- DATASET EXTRACT -
┄┄┄┄┄┄

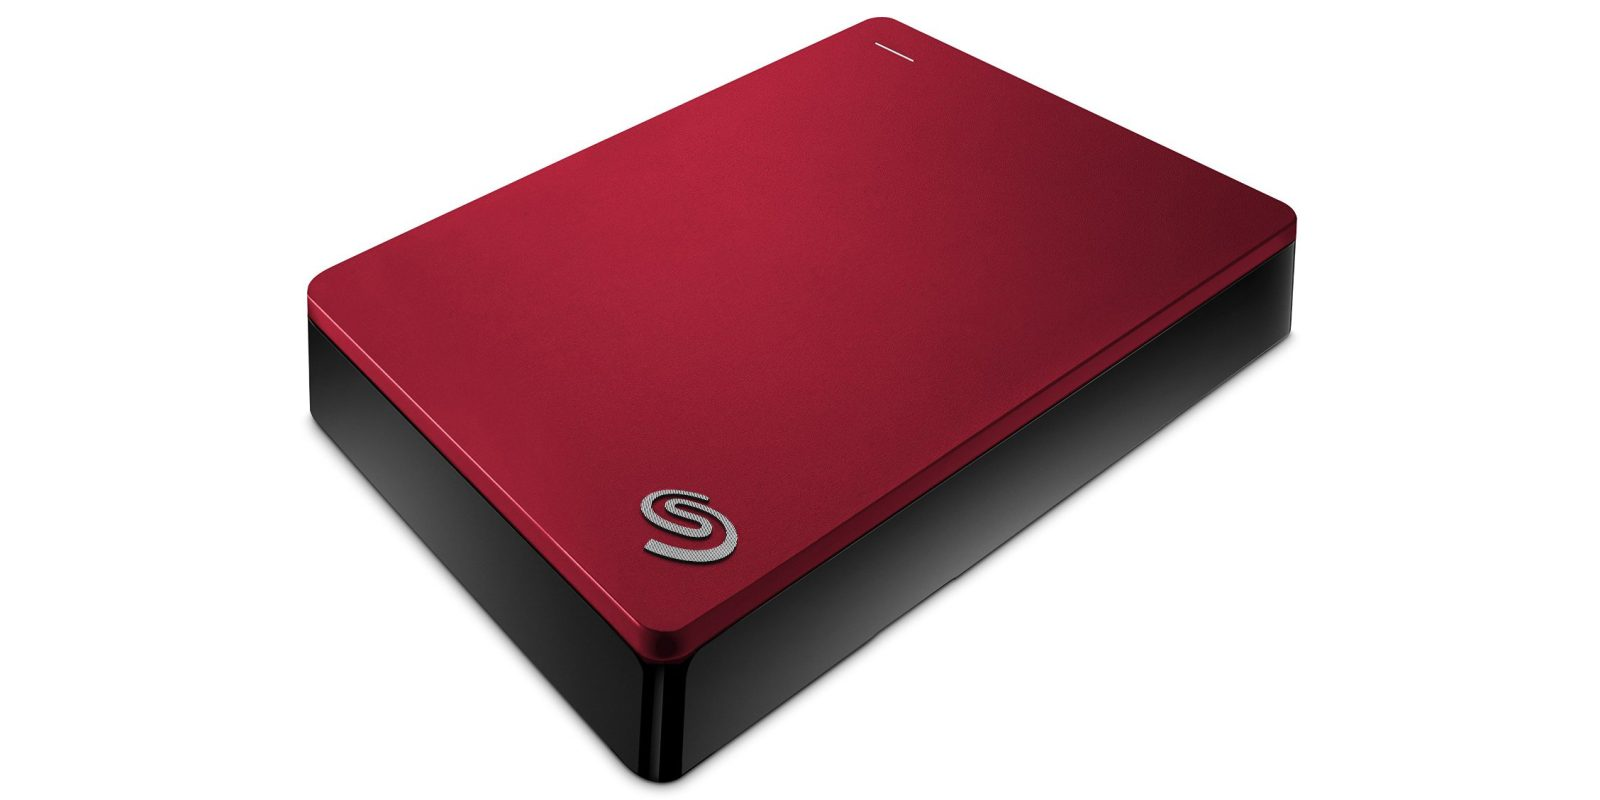 Storage Seagate 4tb Usb 30 Portable Hard Drive 110 Reg 130 Backup Plus Slim 1tb Red Sandisk 240gb 25 Ssd 65 75 More
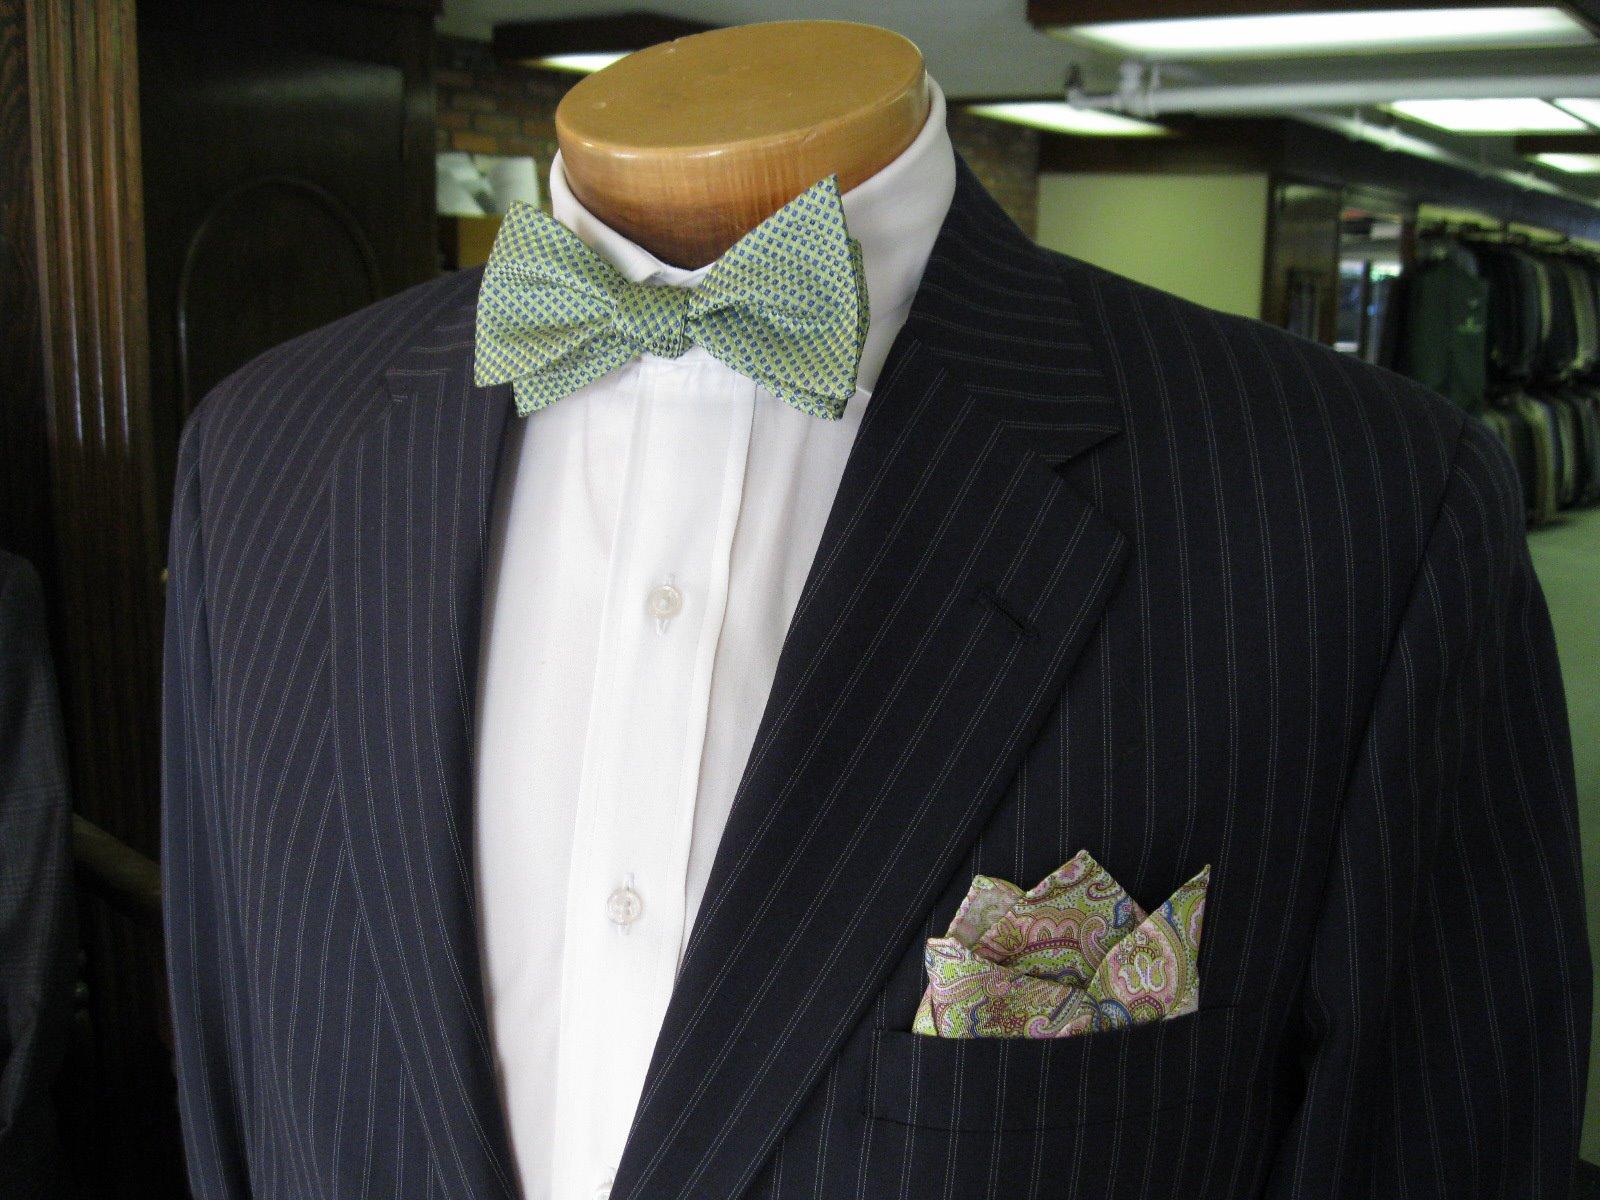 Chancellor's Clothing Store   Visit Columbus, GA
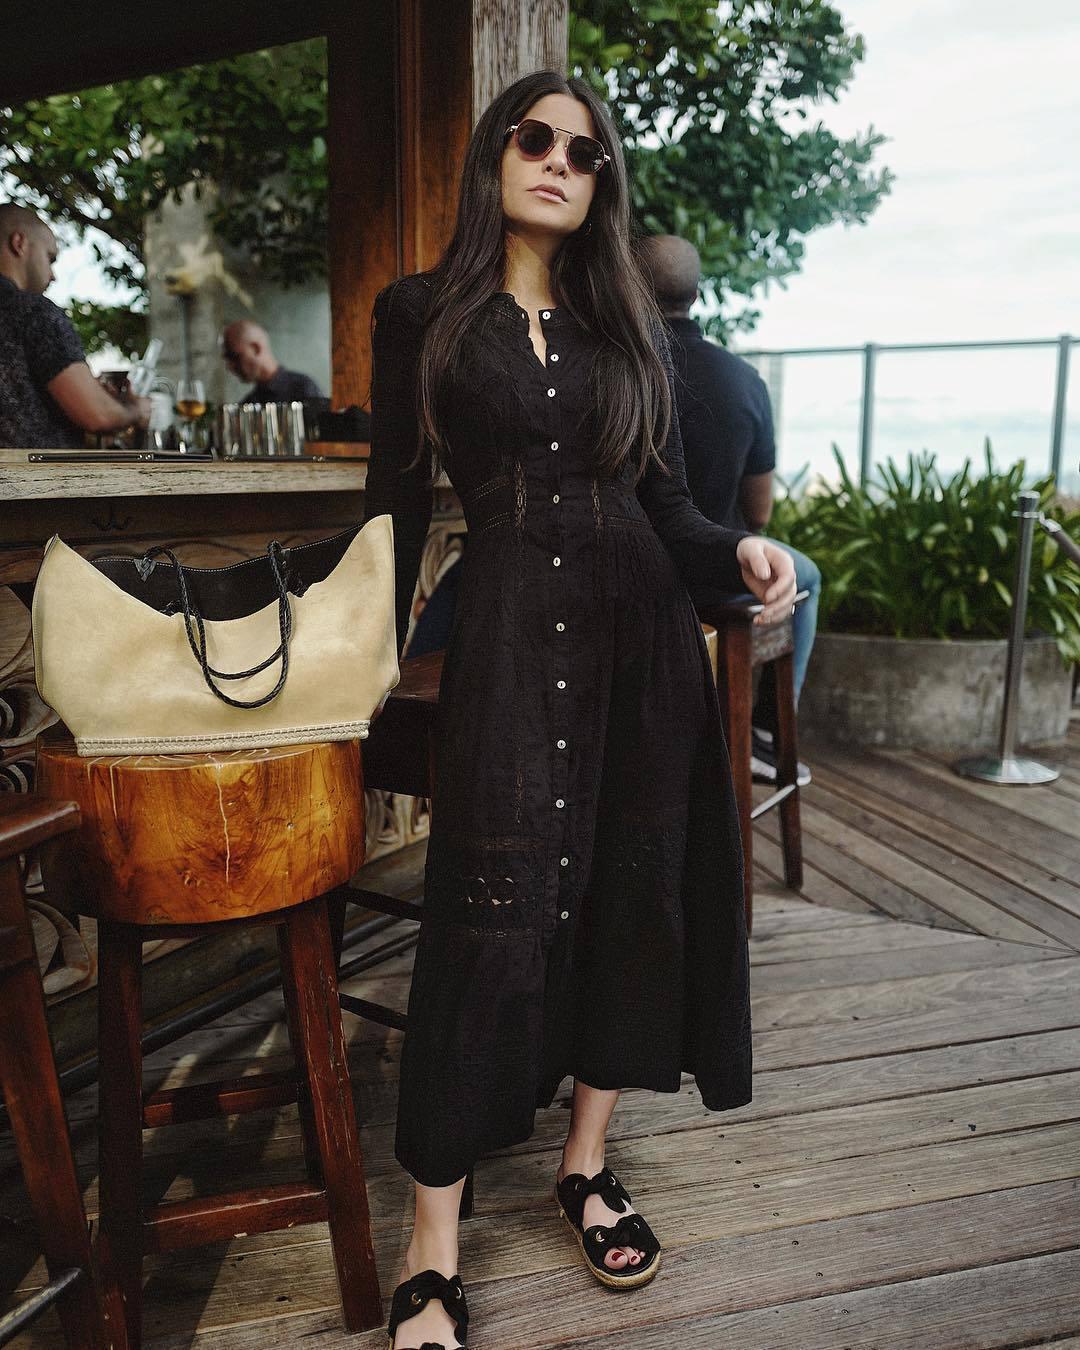 dress shirt dress black dress maxi dress lace dress black flats bag sunglasses
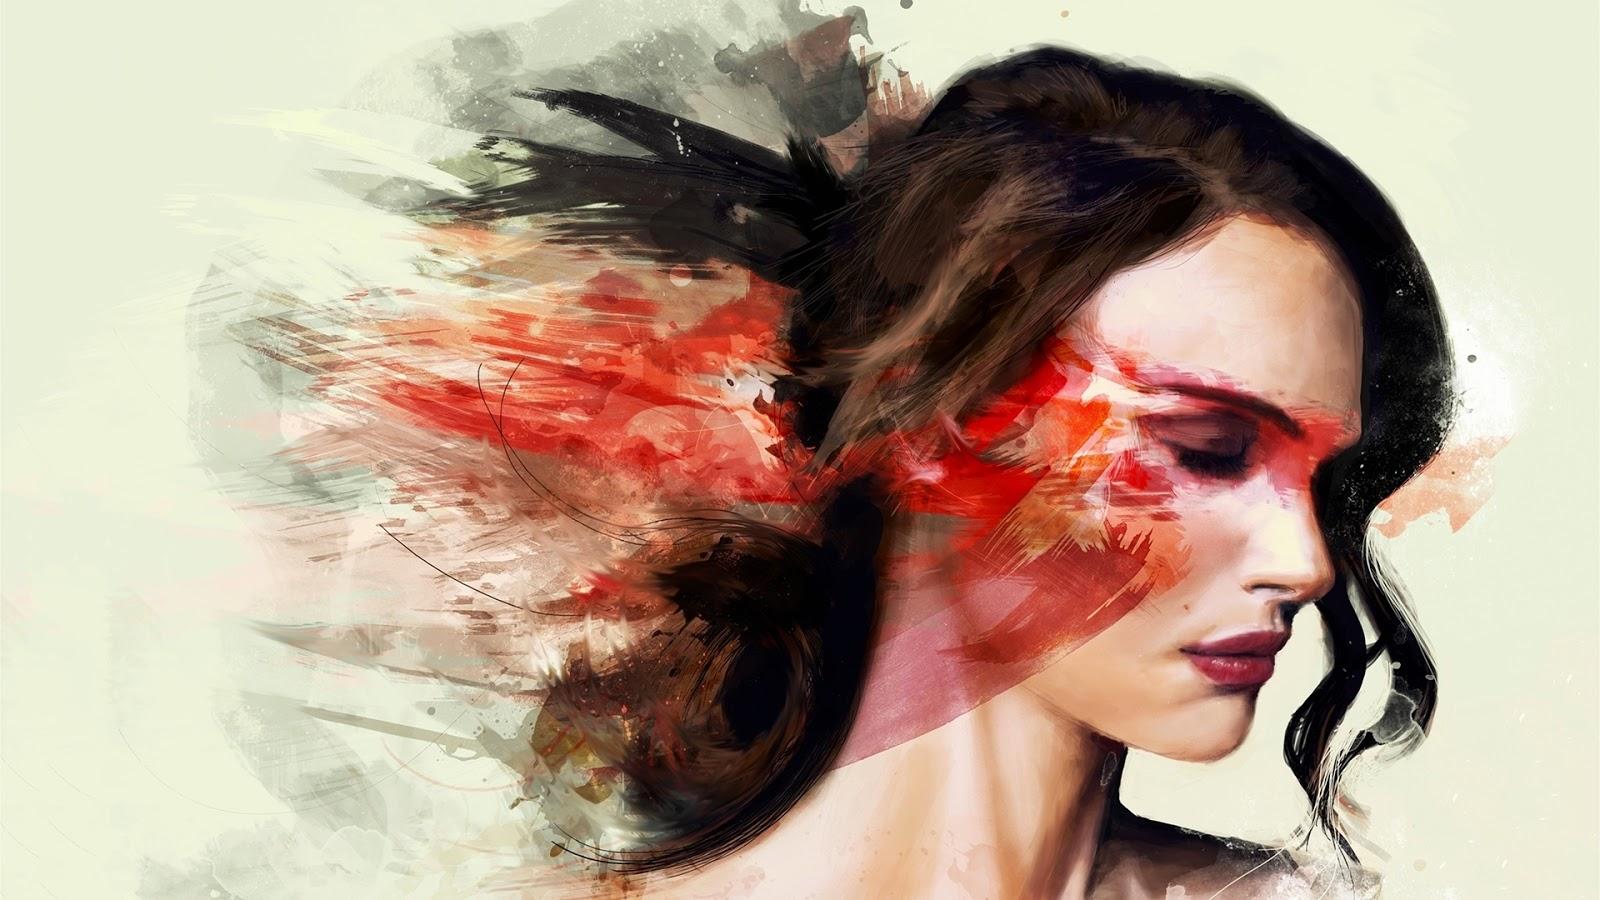 Natalie Portman Full HD Wallpaper

┄┄┄┄┄┄

- ASSIGNMENT -
Word for word, repeat all the data, but not its images.

- RESPONSE AREA -
 Storage Seagate 4tb Usb 30 Portable Hard Drive 110 Reg 130 Backup Plus Slim 1tb Red Sandisk 240gb 25 Ssd 65 75 More
 Chancellor's Clothing Store   Visit Columbus, GA
 dress shirt dress black dress maxi dress lace dress black flats bag sunglasses
 Natalie Portman Full HD Wallpaper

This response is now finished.